E é também significativo ver o que se passou no PISA, em que em 2015 obtivemos os melhores resultados de sempre, e no TIMSS, em que os nossos jovens do 4.º ano alcançaram o feito notável de ultrapassar os seus congéneres da Finlândia. Neste caso, em particular, nota-se um progresso significativo. Os alunos em causa ingressaram na escola em 2011, precisamente no ano em que foi aumentada a atenção sobre a matemática e o português, tiveram depois as novas metas curriculares e fizeram a prova final do 4.º ano. Afinal, alguma coisa certa se fez. Não sei se foi de direita se foi de esquerda.
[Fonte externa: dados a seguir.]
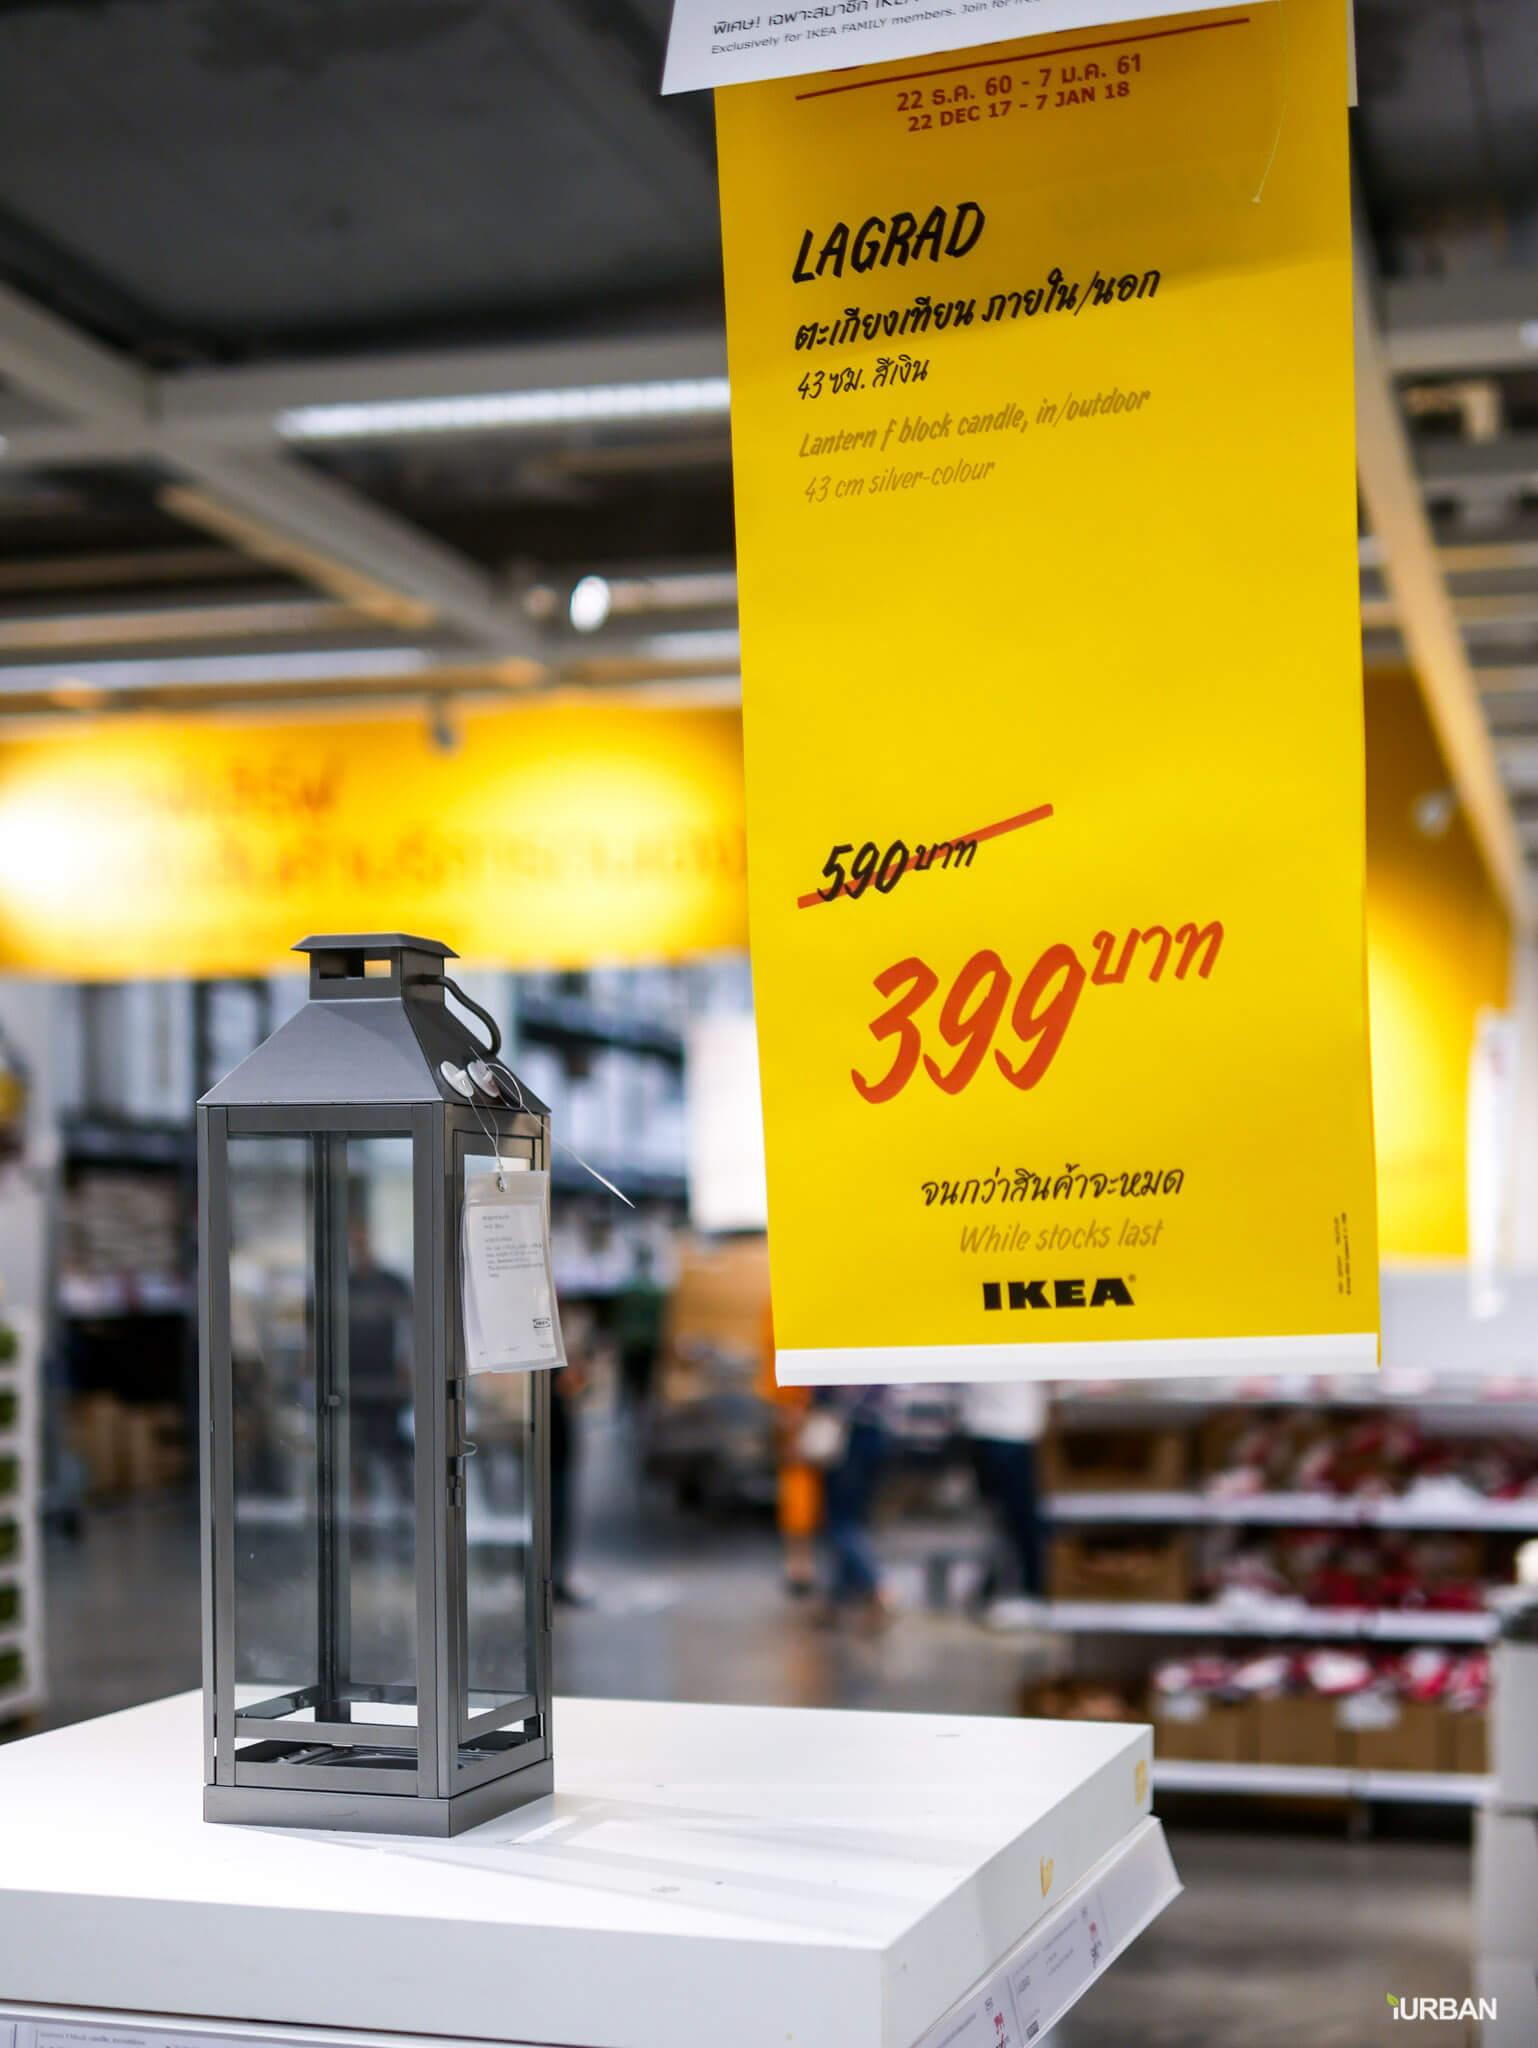 มันเยอะมากกกก!! IKEA Year End SALE 2017 รวมของเซลในอิเกีย ลดเยอะ ลดแหลก รีบพุ่งตัวไป วันนี้ - 7 มกราคม 61 202 - IKEA (อิเกีย)

Conheço muitas pessoas dos dois lados, de simpatizantes do PCP a votantes do CDS que ficaram contentes com as políticas de exigência, de rigor e de avaliação. E, sobretudo, que ficaram contentes com os bons resultados.

O que alguns pretendem é substituir esse debate – o de qual é o melhor caminho para a nossa escola, se de maior rigor, mais conhecimento, mais atenção aos resultados ou de mais flexibilidade, mais experimentação, menos avaliação – por um outro debate – o de qual é a ideologia de cada um. Não! Ser a favor de um ensino mais ambicioso não transforma uma citadina em perigosa direitista. E ser a favor de programas vagos e de deixar as coisas andar não transforma um professor catedrático num defensor do povo.